-- Input data --

BEGIN

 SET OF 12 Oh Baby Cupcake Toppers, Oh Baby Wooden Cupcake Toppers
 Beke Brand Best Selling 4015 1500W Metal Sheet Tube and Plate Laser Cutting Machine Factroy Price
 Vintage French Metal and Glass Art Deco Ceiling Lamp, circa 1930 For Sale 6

END
BEGIN

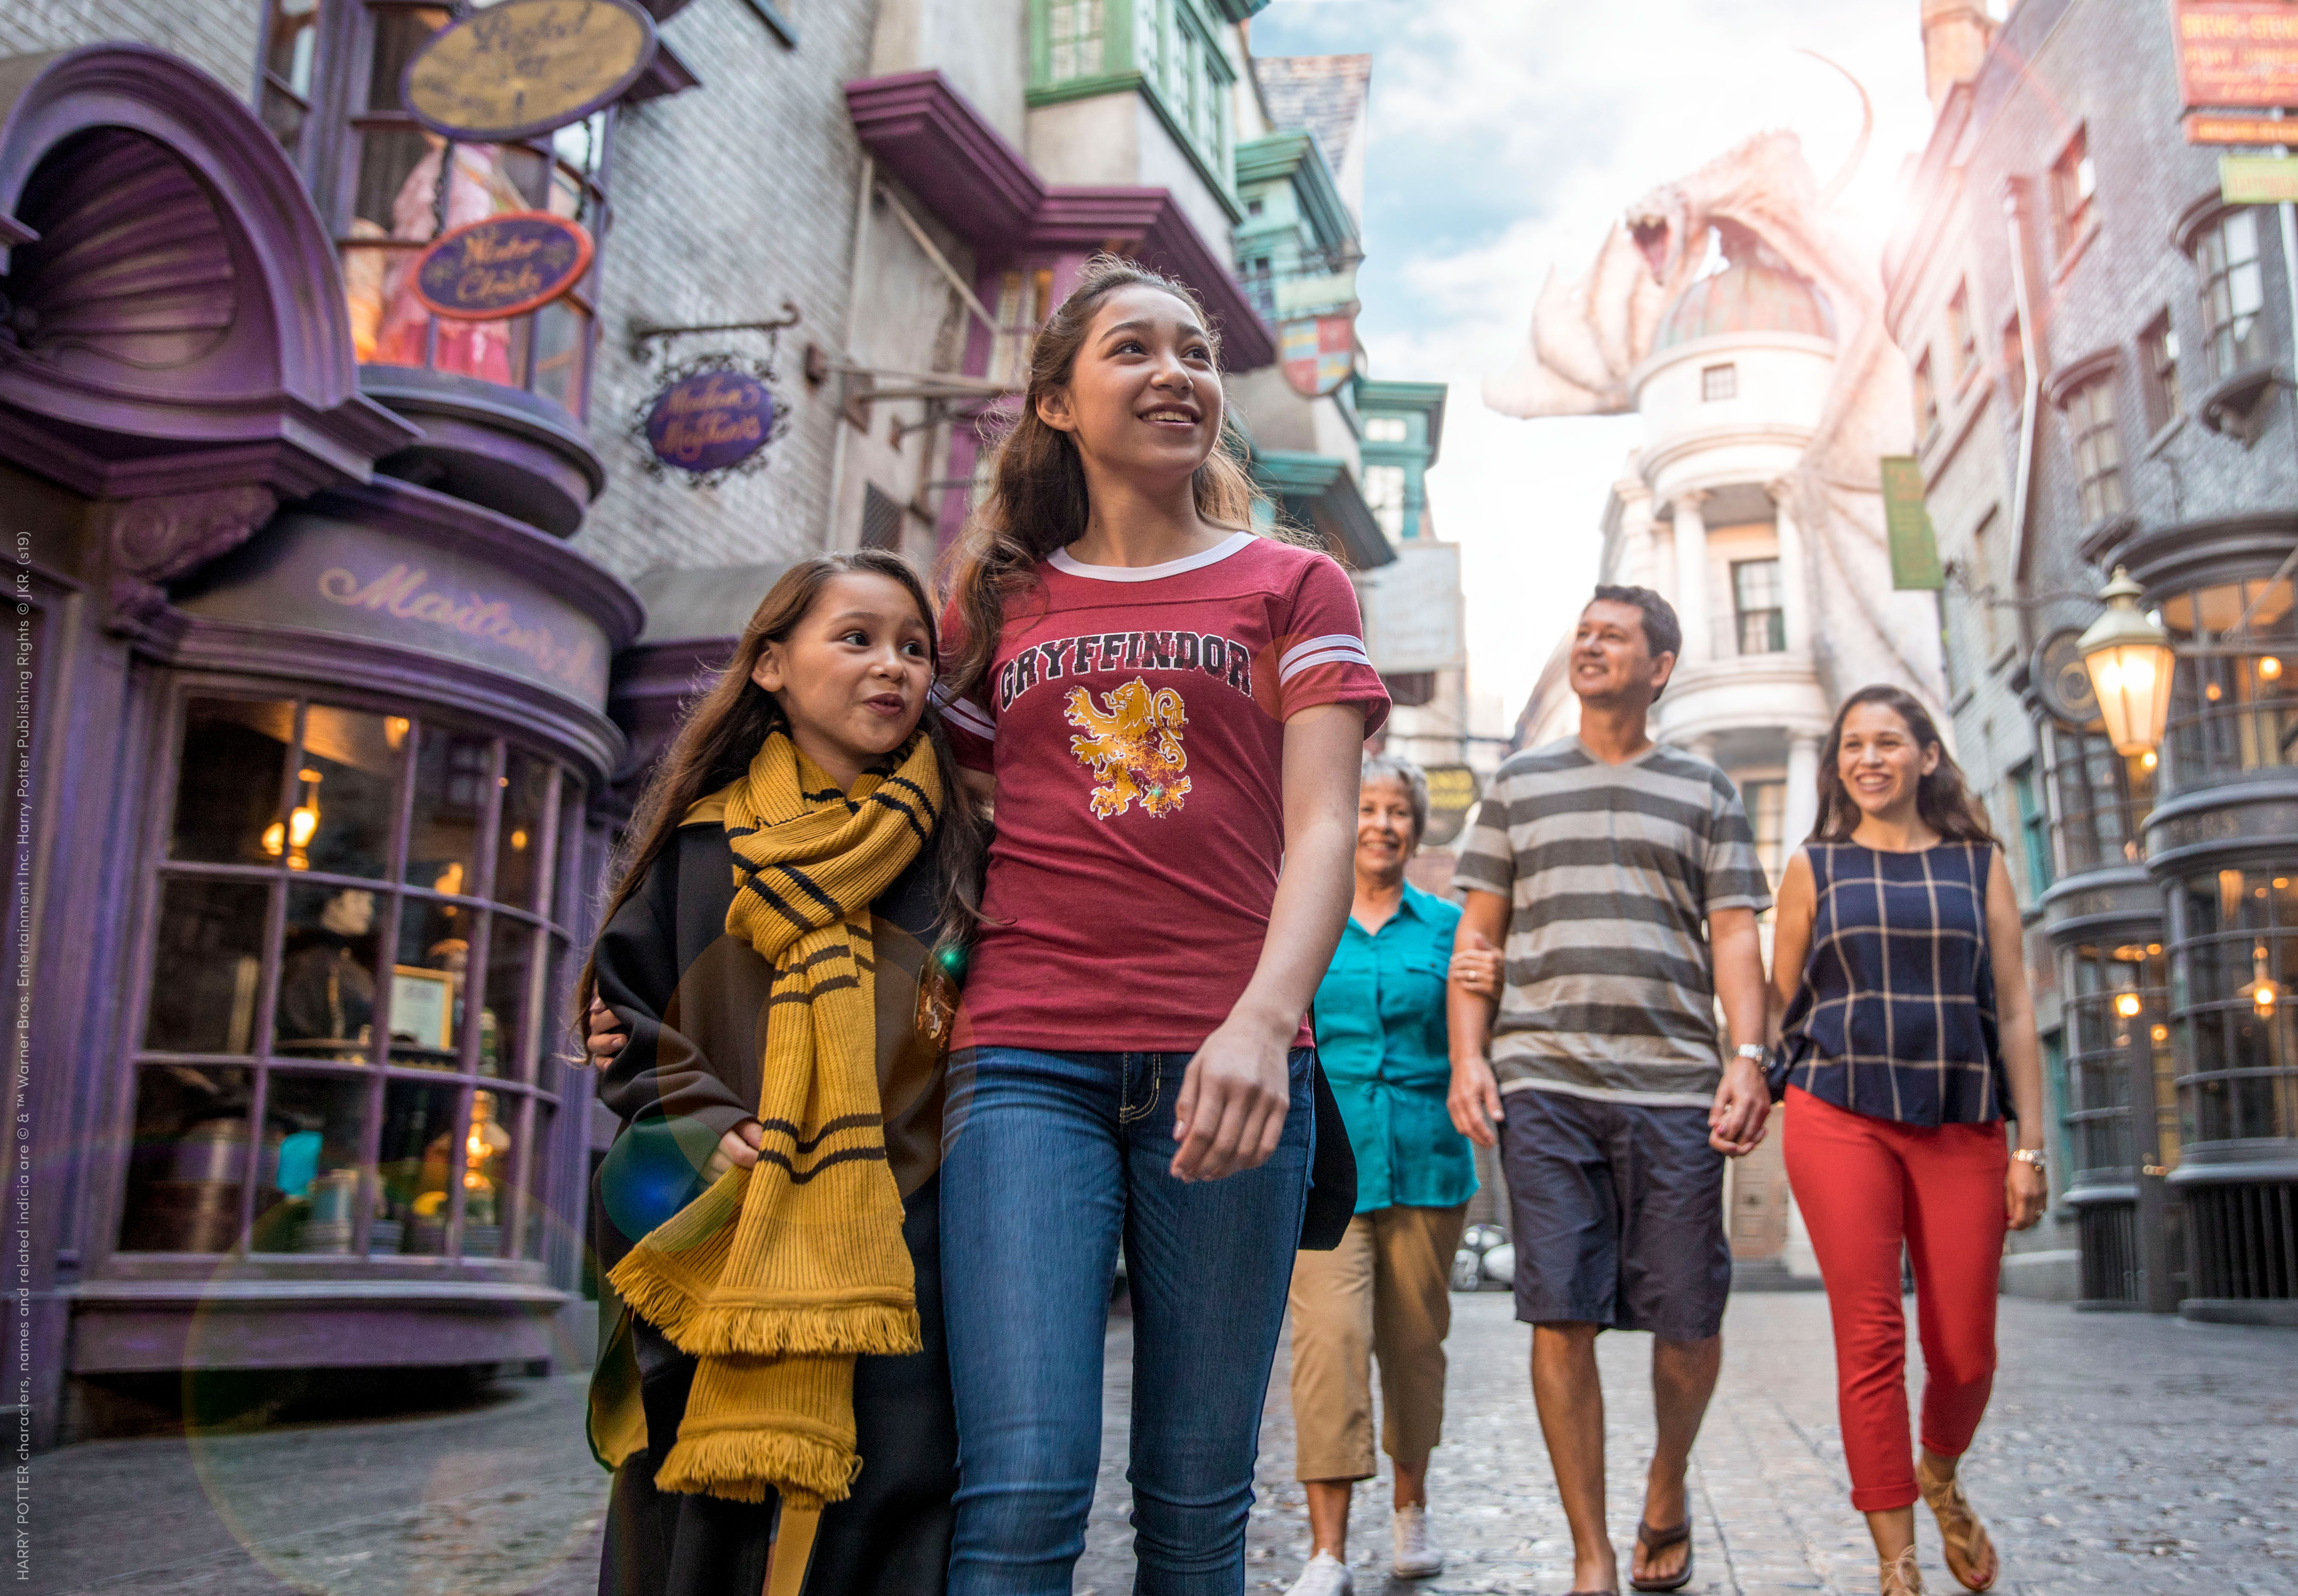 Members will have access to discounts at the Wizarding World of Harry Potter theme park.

END
BEGIN

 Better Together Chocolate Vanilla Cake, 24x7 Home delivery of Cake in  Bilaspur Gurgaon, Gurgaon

END

-- Your instructions --
Using the material above, return each line in which the word "Metal" occurs.

-- Result below --
 Beke Brand Best Selling 4015 1500W Metal Sheet Tube and Plate Laser Cutting Machine Factroy Price
 Vintage French Metal and Glass Art Deco Ceiling Lamp, circa 1930 For Sale 6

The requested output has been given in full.